§ WHAT THIS TASK INVOLVES
Every line from the one containing "free and fast" to the one containing "Plum High Waisted" in the records below, both included, must be set down exactly, and no other line.
======== EXERCISE DATA
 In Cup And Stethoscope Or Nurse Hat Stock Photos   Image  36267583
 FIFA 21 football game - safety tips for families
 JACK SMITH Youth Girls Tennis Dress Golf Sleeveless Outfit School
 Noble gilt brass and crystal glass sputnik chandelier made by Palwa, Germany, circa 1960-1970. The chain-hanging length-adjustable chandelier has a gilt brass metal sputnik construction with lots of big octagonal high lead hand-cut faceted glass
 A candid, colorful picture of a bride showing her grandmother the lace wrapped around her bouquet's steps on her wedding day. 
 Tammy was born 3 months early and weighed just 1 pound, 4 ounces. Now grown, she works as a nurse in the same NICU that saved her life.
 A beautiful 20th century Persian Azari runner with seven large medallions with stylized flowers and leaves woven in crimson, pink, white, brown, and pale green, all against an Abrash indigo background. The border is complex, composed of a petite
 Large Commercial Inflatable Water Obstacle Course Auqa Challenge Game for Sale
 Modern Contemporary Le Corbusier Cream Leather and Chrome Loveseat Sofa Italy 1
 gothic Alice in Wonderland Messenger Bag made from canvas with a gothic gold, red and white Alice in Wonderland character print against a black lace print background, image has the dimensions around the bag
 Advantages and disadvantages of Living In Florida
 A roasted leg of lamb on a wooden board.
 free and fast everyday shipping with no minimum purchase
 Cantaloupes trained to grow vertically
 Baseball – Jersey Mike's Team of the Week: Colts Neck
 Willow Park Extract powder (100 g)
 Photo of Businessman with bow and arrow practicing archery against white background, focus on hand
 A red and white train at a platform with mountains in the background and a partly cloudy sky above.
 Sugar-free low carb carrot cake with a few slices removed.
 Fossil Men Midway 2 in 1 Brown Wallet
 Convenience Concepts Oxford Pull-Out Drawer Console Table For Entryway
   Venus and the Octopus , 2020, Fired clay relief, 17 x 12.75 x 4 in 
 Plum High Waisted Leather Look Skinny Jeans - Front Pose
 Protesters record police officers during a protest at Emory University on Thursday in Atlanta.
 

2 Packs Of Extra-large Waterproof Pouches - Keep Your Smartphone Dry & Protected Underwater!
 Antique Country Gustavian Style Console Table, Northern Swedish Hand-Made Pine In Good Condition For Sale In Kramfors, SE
================
§ ANSWER FOR THIS EXERCISE
 free and fast everyday shipping with no minimum purchase
 Cantaloupes trained to grow vertically
 Baseball – Jersey Mike's Team of the Week: Colts Neck
 Willow Park Extract powder (100 g)
 Photo of Businessman with bow and arrow practicing archery against white background, focus on hand
 A red and white train at a platform with mountains in the background and a partly cloudy sky above.
 Sugar-free low carb carrot cake with a few slices removed.
 Fossil Men Midway 2 in 1 Brown Wallet
 Convenience Concepts Oxford Pull-Out Drawer Console Table For Entryway
   Venus and the Octopus , 2020, Fired clay relief, 17 x 12.75 x 4 in 
 Plum High Waisted Leather Look Skinny Jeans - Front Pose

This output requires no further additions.